The rain continues, August turning to September, and the gloom in the house begins to feel perpetual, a lunar twilight, damp and chill. She cuts short her trips into town, staying clear of Frank Dean, of all but the most perfunctory interactions; she limits her visits to Snade’s Corners, but doesn’t cut them out entirely.

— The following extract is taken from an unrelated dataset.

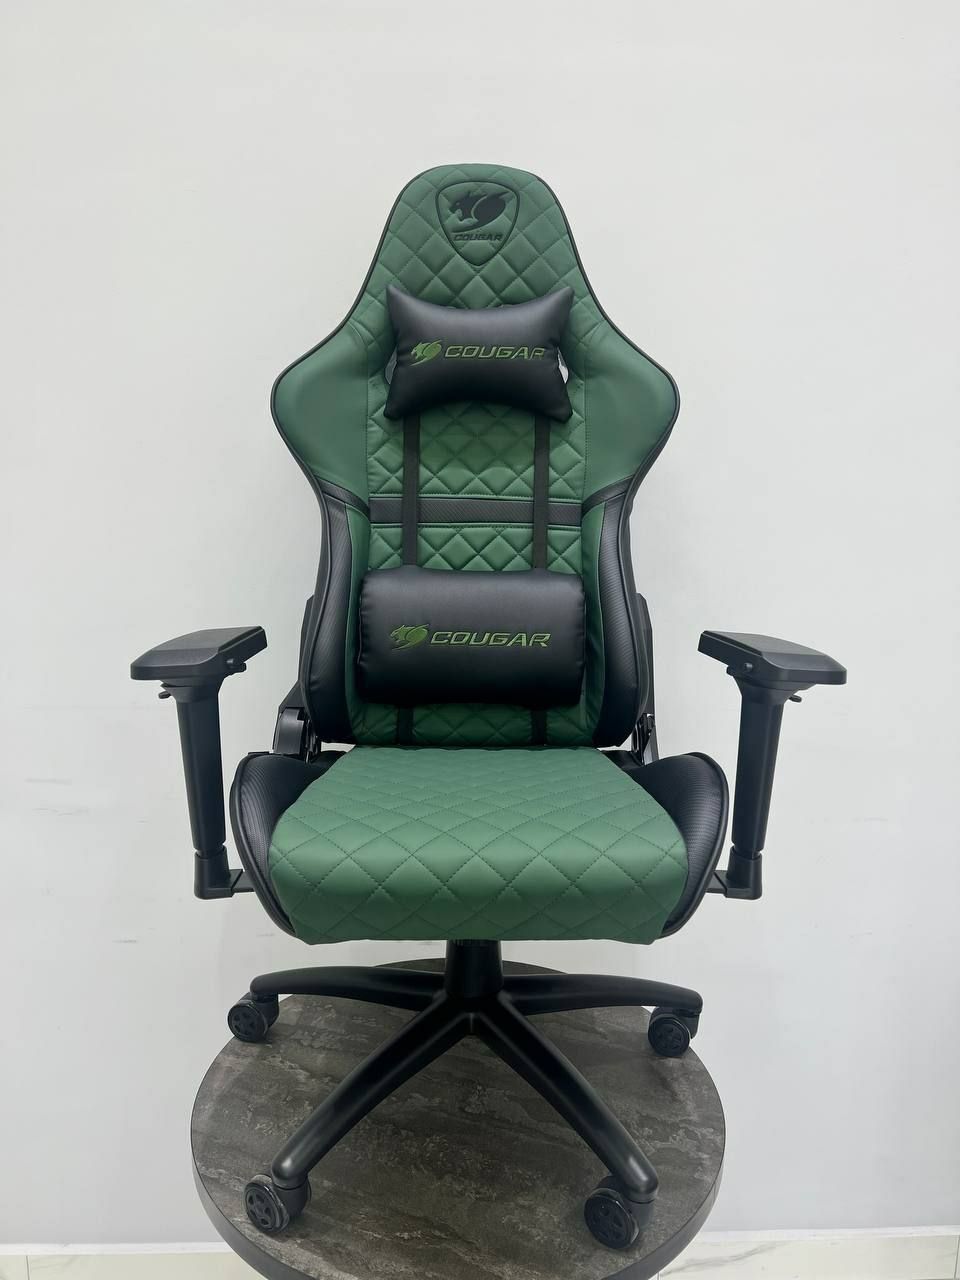 Геймерское кресло Cougar green 4 D спортивный игровые кресла со склада

She needs a place where she can breathe and be herself, where she can kick back and listen to Gar gossip, make a joke and have someone laugh at it, and, though it strikes her as a little odd that she can’t find this in the marriage, she’s taken refuge in a generalized condemnation of men, a bumper-sticker feminism, and concluded that every marriage has the same level of dysfunction and thus essentially the same character. Otherwise, her conversations are confined to brief chats with Will, who spends much of his time with Allie, and flinty exchanges with Jackson. Their war goes on, but its intensity has diminished. They pretend, as perhaps they have always done, but the pretense of intimacy has fled. She reads. DeLillo, Grisham, Ozick, and, an irony, locked away in her own manor house, the Brontës. Now and again she hears the ghost voice, but she’s grown accustomed to it and it no longer has the power to surprise or intrigue—it might as well be a moth batting its wings against a window. She sits long hours in the kitchen, hoping for her muse to alight, notebook and pen at the ready. One afternoon, while she’s slumped at the kitchen table, Louise, wearing a flowered housecoat and slippers, bangs in through the door, stops, retreats a step, hovering beside the sink, consternation writ large upon her pudding face. Sanie examines her coolly, then looks down at her notebook, at the words scribbled there, and says, “Do what you need to do. I won’t bother you.”